The "compile time" of the Java language is a process of uncertainty, as it may refer to the process of the front-end compiler turning a Java file into a class bytecode file, or a process in which the compiler (JIT) converts bytecode into machine code during the run of the virtual machine backend. The compile-time optimizations discussed below refer to the process by which the Javac compiler translates Java files into bytecode, while run-time optimizations refer to optimizations made by the JIT compiler.
compile-time optimizationThe virtual machine design team focuses on performance optimizations in the back-end instant compiler (JIT), so that class files that are not generated by the Javac compiler can also benefit from compiler optimizations. But Javac has done many optimizations for coding processes to improve programmer coding style and improve coding efficiency.

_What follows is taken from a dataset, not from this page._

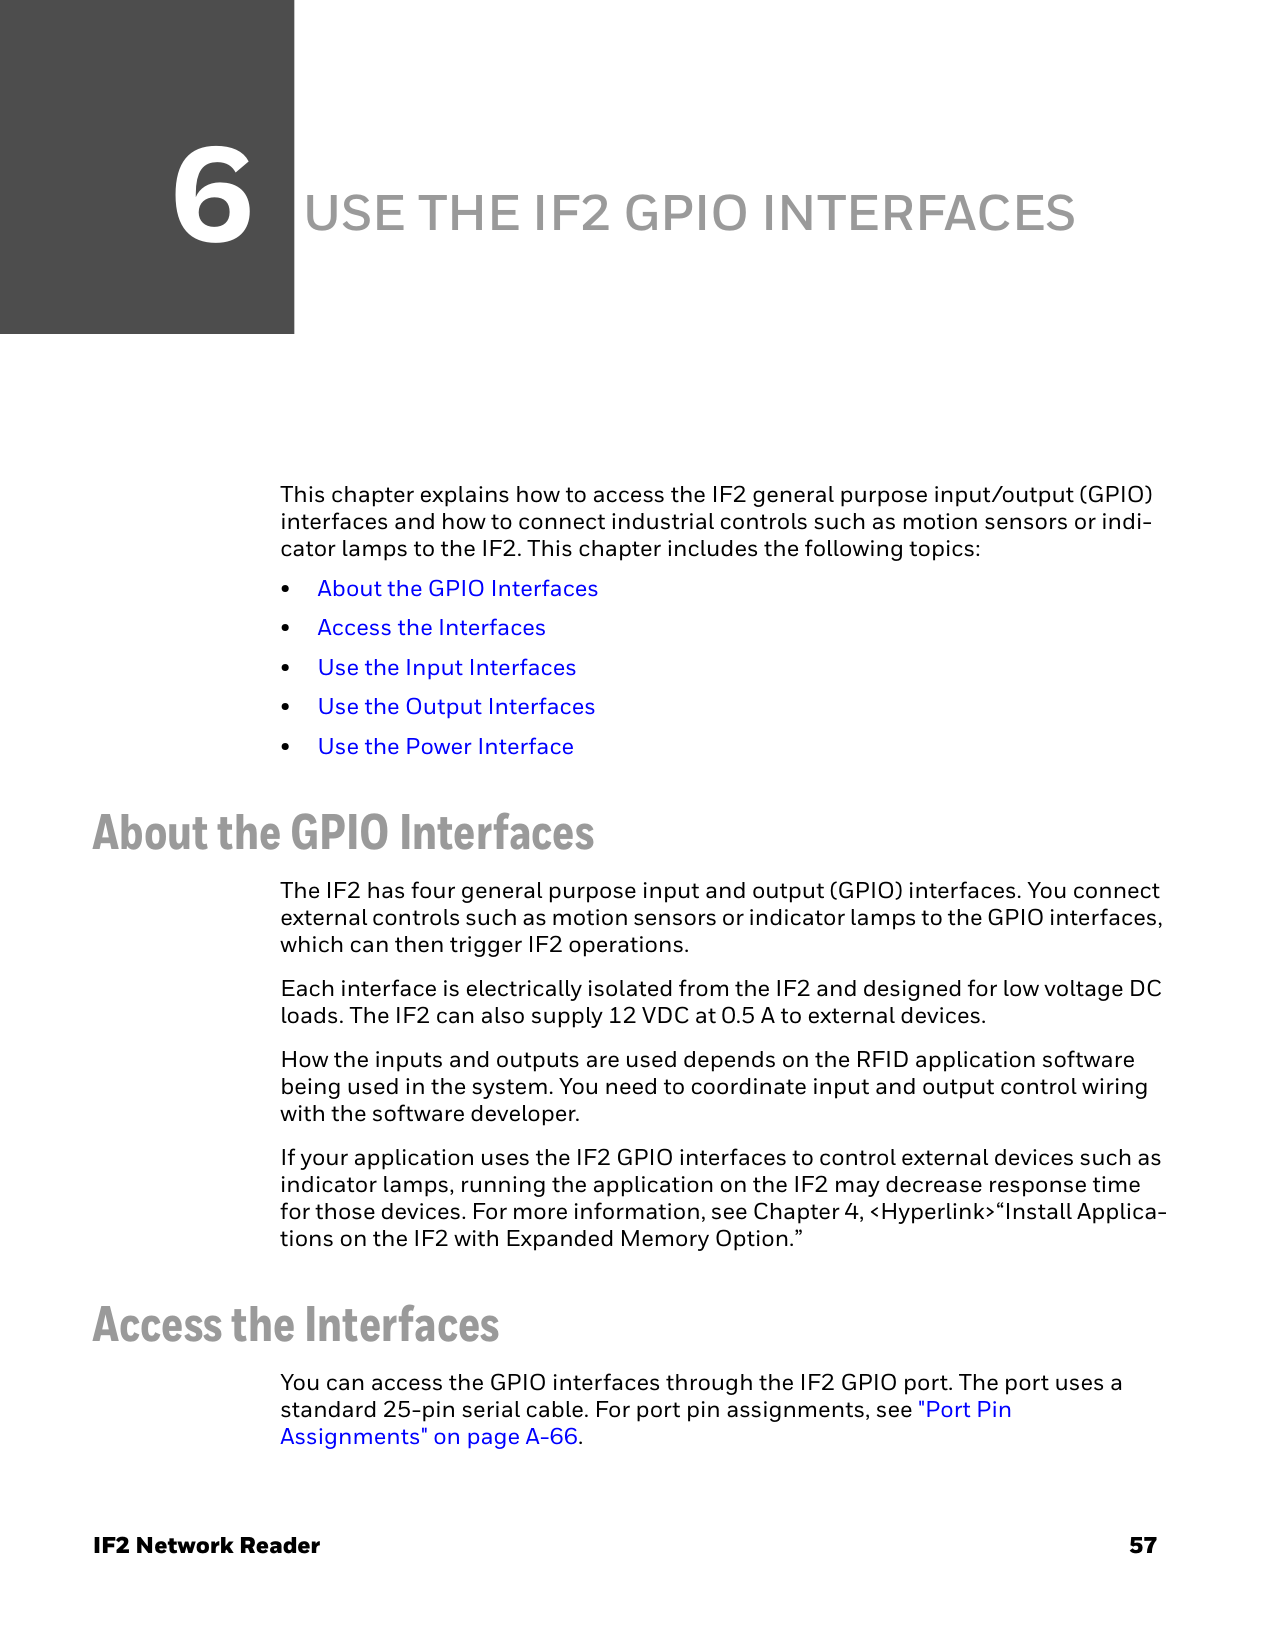 6IF2 Network Reader 57USE THE IF2 GPIO INTERFACESThis chapter explains how to access the IF2 general purpose input/output (GPIO) interfaces and how to connect industrial controls such as motion sensors or indi-cator lamps to the IF2. This chapter includes the following topics:•About the GPIO Interfaces•Access the Interfaces•Use the Input Interfaces•Use the Output Interfaces•Use the Power InterfaceAbout the GPIO InterfacesThe IF2 has four general purpose input and output (GPIO) interfaces. You connect external controls such as motion sensors or indicator lamps to the GPIO interfaces, which can then trigger IF2 operations.Each interface is electrically isolated from the IF2 and designed for low voltage DC loads. The IF2 can also supply 12 VDC at 0.5 A to external devices.How the inputs and outputs are used depends on the RFID application software being used in the system. You need to coordinate input and output control wiring with the software developer.If your application uses the IF2 GPIO interfaces to control external devices such as indicator lamps, running the application on the IF2 may decrease response time for those devices. For more information, see Chapter 4, &lt;Hyperlink&gt;“Install Applica-tions on the IF2 with Expanded Memory Option.”Access the InterfacesYou can access the GPIO interfaces through the IF2 GPIO port. The port uses a standard 25-pin serial cable. For port pin assignments, see &quot;Port Pin Assignments&quot; on page A-66.

Many of the new Java syntax features are implemented by the compiler's "syntactic sugar," rather than relying on the underlying improvements of the virtual machine to support it. As a result, the optimization process of the instant compiler in Java is more important to the running of the program, while the front-end compiler's optimization process during the compilation period is more relevant to program coding. The compilation process of the Javac compiler can be broadly divided into three steps:
1. Parsing and filling the symbol table process;
2. The annotation processing process of the Insert annotation processor;
3. Semantic analysis and bytecode generation process. The following are introduced separately.
parse and fill the symbol table;The resolution step contains
lexical analysis and grammatical analysisTwo procedures, the first lexical analysis is to transform the source code character stream into a token collection (token), and then the parsing is based on the token sequence to construct an abstract syntax tree (a tree-like representation of the syntax structure of the program code). After you complete the lexical analysis and parsing, the next step is to
Fill Symbol Table, the symbol table is a set of symbolic address and symbolic information forms, the information registered in the symbol table will be used at different stages of compilation (such as the semantic analysis of the contents of the symbol table is used for semantic inspection and generation of intermediate code, the target code generation phase when the symbol name for the address assignment, the symbol table is the basis of the address assignment)
annotation processing for the plug-in annotation processor:The plug-in annotation processor can be seen as a set of compiler plugins in which any element in the abstract syntax tree can be read, modified, and added. If these plug-ins modify the syntax tree during annotation processing, the compiler willback to parsing and filling symbol table process re-processingUntil all the plug-in annotation processors have not modified the syntax tree.
semantic analysis and bytecode generation process:After parsing, the compiler obtains the program code Abstract Syntax tree representation, the syntax tree can represent the structure correct source program abstraction, but cannot guarantee the source program conforms to the logic, but the semantic analysis mainly is constructs the correct source program to carry on the context nature inspection.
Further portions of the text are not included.